The IF work made above will look like this: = if (B2>B3, "Rot", "Augmentation")
So IF work says if the speed or motivating force in cell B2 is more than B3, by then show
Decline and if it is under B3, by then show Increase.
In the wake of pressing the Enter key, you will get the outcome of cell B4. If you have to
see the result, drag the handle of the cell on D4 down to cell D8400.
1.1.2 VLookup
We mainly use this command to search for the value of table. How it works, I will tell you in full
detail, so let's know it now. Suppose there are 2 different sheets A and B. If we want the value of
one column of the first sheet in the other sheet, then for this, one data in both sheets should have
one data in common, which is present in both sheets, only then it will find the data in the second
sheet in terms of it. Because Vlookup () takes the value in front of the reference or common data,
and moves it to another sheet (Linoff and Berry, 2011).
Document Page
Syntax: =VLOOKUP(lookup_value, table_array, col_index_num, [range_lookup])
The lookup value here is the value for which we have to search through the data. It can be text,
number, and date. We have to select it on the first sheet. Table array means that the sheet from
which we want the data, we have the common column as well as the data of other columns in
which the data is present. It can also select more than 2 columns. In this, we select a column in
another sheet. Col_index_num means to enter the number of the column whose data we need.
We have to move the data from the second sheet to the first sheet, so remember that we first want
the data of the column along with the column of reference data, also select it and then we put the
number of that column here and tell us that this column Data required.
Demonstration of Look up work on given circumstance of Superstore Sale:
Using the equal surpass desires sheet, the going with advances will be taken:
Lookup Value: Select cell G2, H2 and I2 for putting the characteristics for Order date,
arrangements and advantage. The results will be showed up on G3, H3 and I3. Select the cell H3
and put work Lookup; select cell G3 as a Lookup Value.
Table series: For this select whole range from A2 to C8400 (A2:C8400).
[Range_ lookup]: Select came about cell for bargains; that is B2 to B8400 (B2:B8400).
1.1.3 Charts and Graphs
A very prominent feature in Excel is the Pie Chart.

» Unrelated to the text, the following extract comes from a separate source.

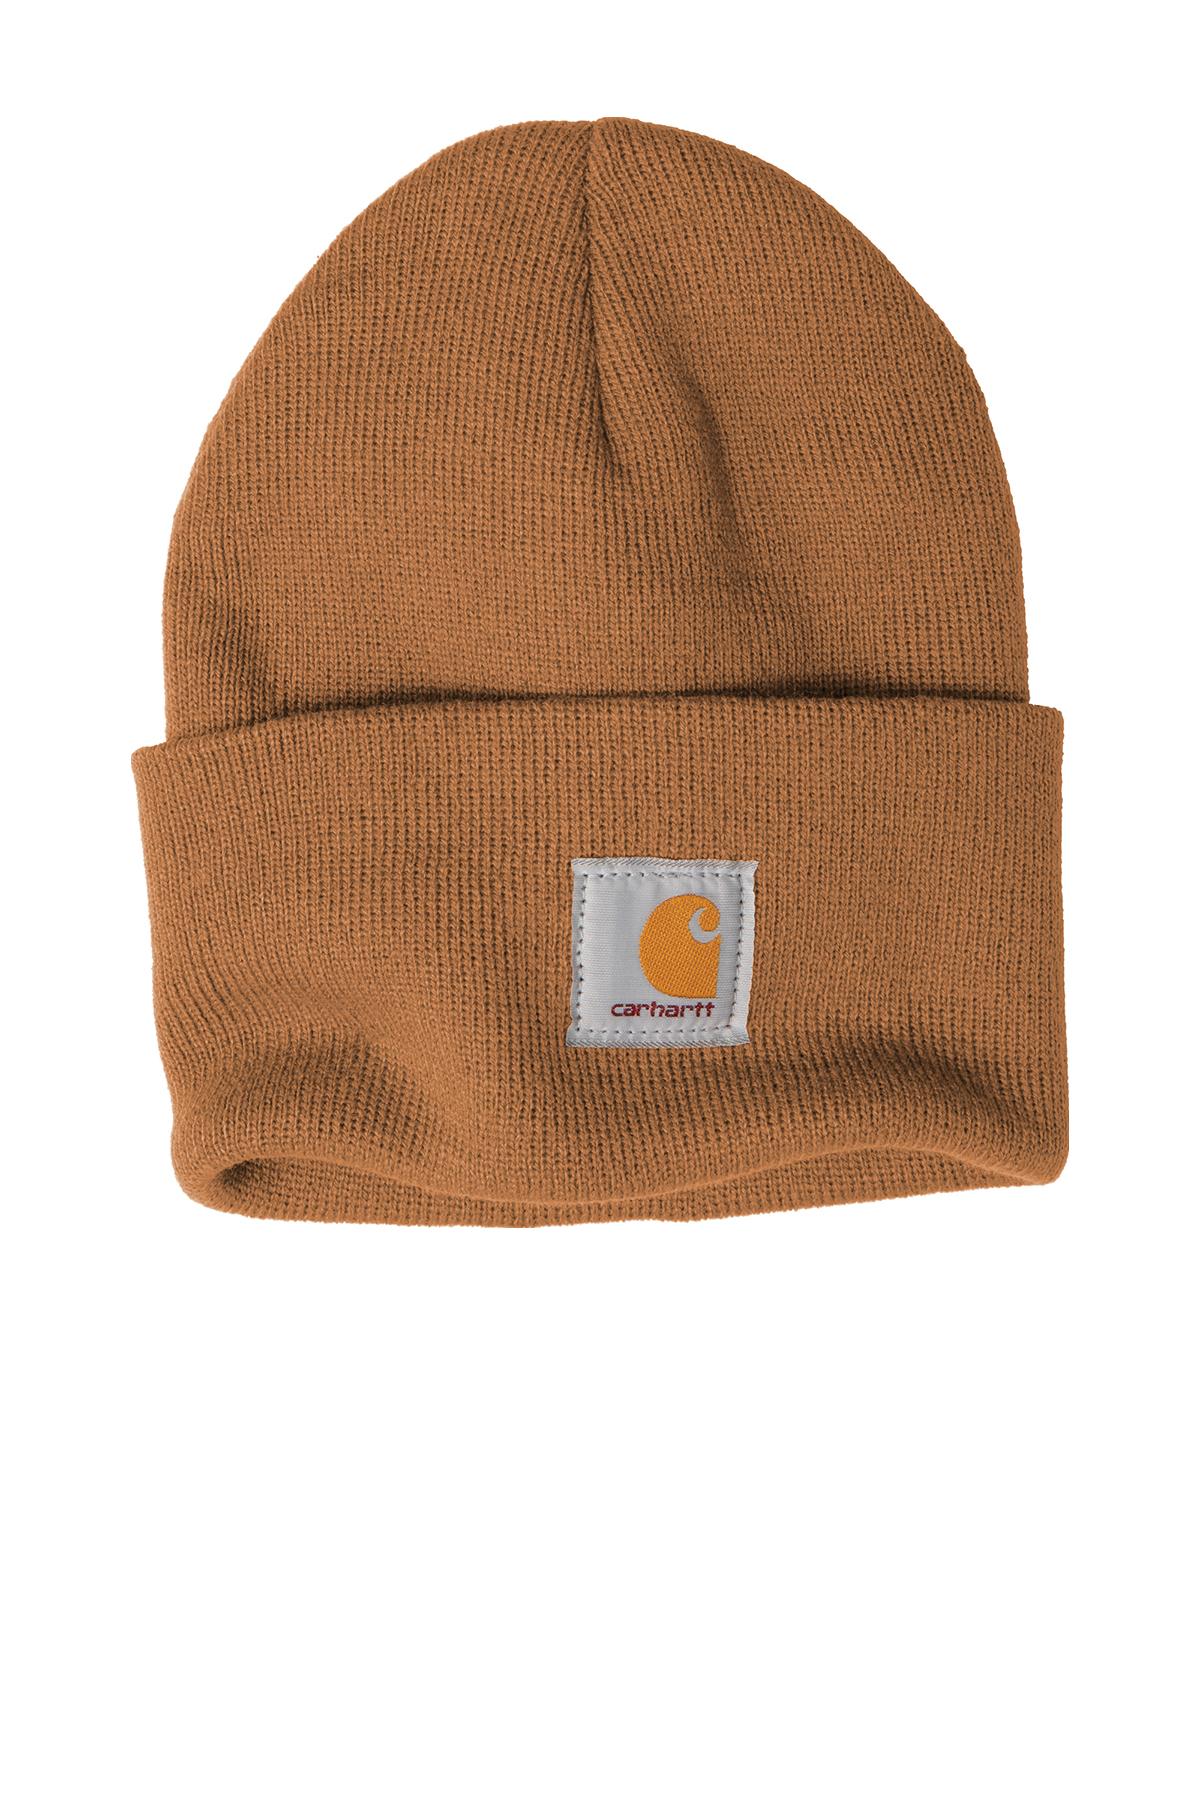 Carhartt Beanie Carhartt Hats Knitted Fabric

It helps a lot in analyzing any data. We can
analyze complex data very easily by turning it into Pie Chart. Suppose you must have watched
Sensex. When a particular performs well among top five shares, then we can understand it very
easily by understanding the performance of the whole year of this share i.e. how many
fluctuations has been recorded in particular share during a year.

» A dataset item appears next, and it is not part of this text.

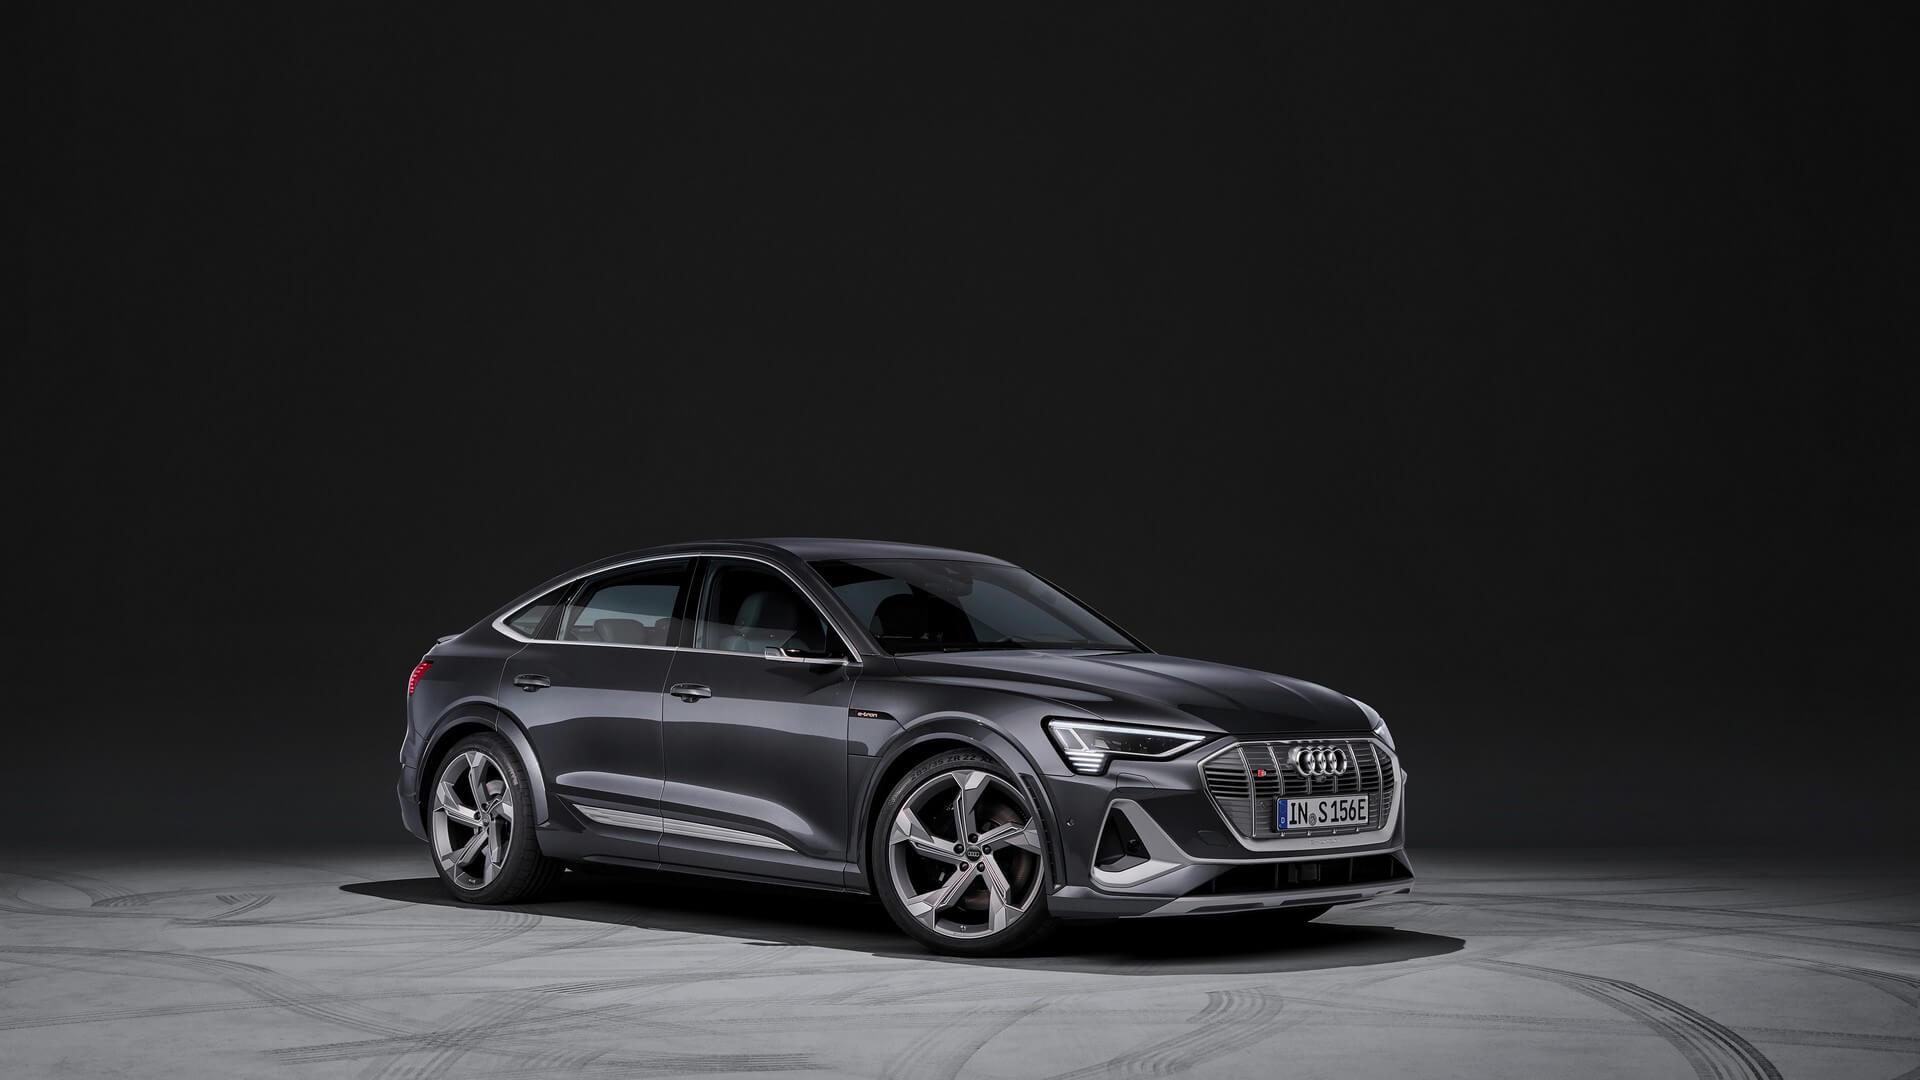 Audi-E-Tron-S-and-E-Tron-S-Sportback-2020-64

Mixed or Combination Charts
Mixed or combination is one of the best features used in Charts excel. By using just one chart,
we can add 2 or more charts and look at the same chart.
Steps:

Paraphrase This Document

Need a fresh take? Get an instant paraphrase of this document with our AI Paraphraser
Document Page
Select the cell, for which line graph is to be made.

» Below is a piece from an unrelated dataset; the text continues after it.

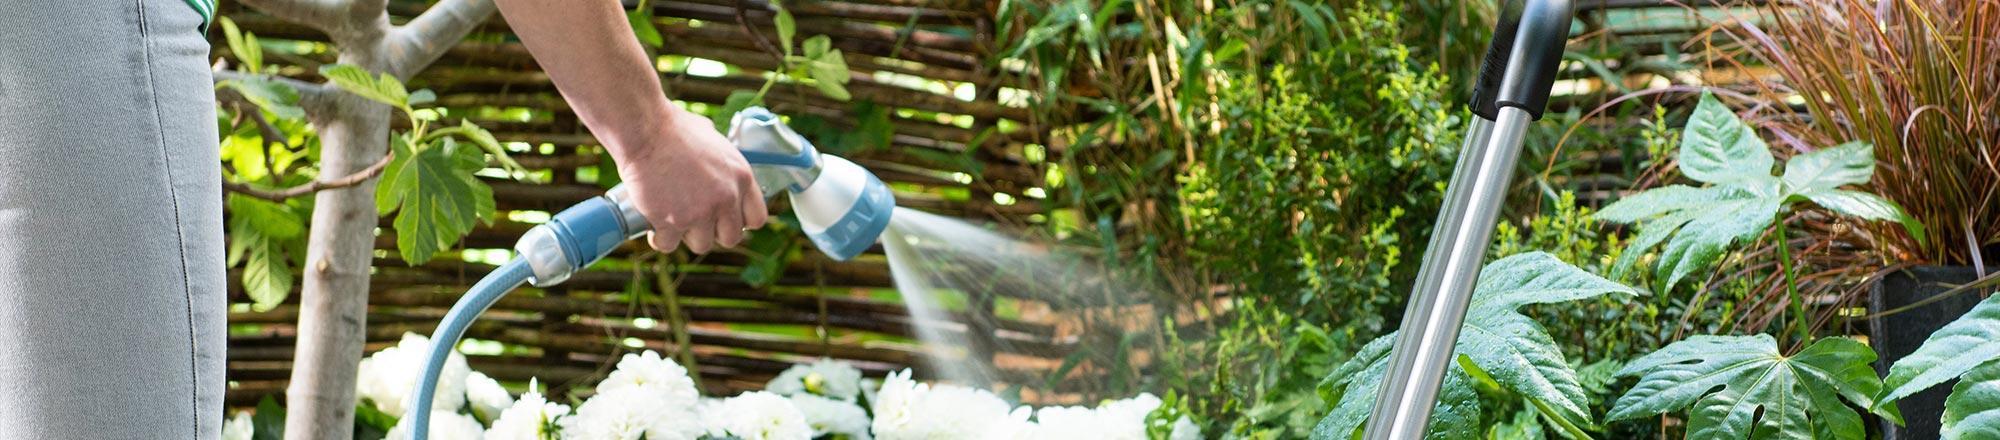 Water geven in je tuin

Go to insert option and select line graph.
01/01/2009
03/04/2009
04/07/2009
04/10/2009
04/01/2010
06/04/2010
07/07/2010
07/10/2010
07/01/2011
09/04/2011
10/07/2011
10/10/2011
10/01/2012
11/04/2012
12/07/2012
12/10/2012
-20000
0
20000
40000
60000
80000
100000
Sales
Profit
(Source: superstores sales.csv)
Interpretation: The data showed up in above diagram shows that in January month of the year
2009; association has followed most raised arrangements and most raised disaster. On the other
hand, second most important arrangements are showed up in the year 2012. The outline shows
huge changes in arrangements and advantages both; association has faced huge hardships during
the year 2009 to 2010 and in the year 2012. The most extraordinary abatement in the
arrangements can be found in year 2009, where various years didn't show up as much rot as
showed up in 2009.
Document Page
PART 2
2.1 Using the audidealership.csv provided in conjunction with Weka give a
specific example of clustering
Interpretation: The above outcome shows relationship esteem a lot of lower than 1; this
demonstrates a client's pay won't be influenced by whether a client sees an Audi (Olson and
Delen, 2008).
Document Page
Interpretation: The figures shown in the graph above show that in January of 2009; the company
pursued the highest offers and most mayhem. On the other hand; the second most necessary
agreement of the year was in 2012. This graph shows significant changes in both agreement and
profit; the association went against bad luck between 2009 and 2010 and 2012. The most
noticeable decline is in agreements reached in 2009, where the decline has not been seen for
many years (Birks, and et.al., 2012).
2.2 Explain the most common data mining methods that can be used in
business with real examples
Data mining is the practice of automatically searching large storage of data to discover patterns
and trends that go beyond simple analysis. Data mining uses sophisticated mathematical
algorithms to fragment data and evaluate the likelihood of future events. Data Mining is also
known as (KDD - Knowledge Discovery in Data). Data mining is the process of analyzing
hidden patterns of data according to various approaches to classifying useful information, which

Secure Best Marks with AI Grader

Need help grading? Try our AI Grader for instant feedback on your assignments.
Document Page
is gathered in common areas for data analysis, data mining algorithms (Soukup and Davidson,
2002). In general, the benefits of data mining come from the ability to uncover hidden patterns
and relationships in data that can be used to make predictions that affect businesses. Some of the
methods of data mining are discussed below:
1. Neural Network: This information mining technique or model depends on organic neural
systems. It is an assortment of neurons like handling units with a weighted association between
them. They are utilized to show the connection among info and yield. It is utilized for
arrangement, relapse examination, information handling and so forth (Pujari, 2001). This
strategy chips away at three columns –
Ideal
Learning calculation (directed or unusable)
Actuation work
General investigation or disparity examination:
This information mining technique is utilized to distinguish information things that don't consent
to the normal example or anticipated conduct. These unforeseen information things are treated as
exceptions or commotion. They are useful in numerous spaces, for example, charge card
misrepresentation discovery, interruption location, flaw identification and so forth. It is likewise
called exception mining. For instance, assume the diagram beneath is plotted utilizing a few
informational indexes in our database. So the best fit line is drawn. The focuses close to the line
show the normal conduct while the point one from the line is outward.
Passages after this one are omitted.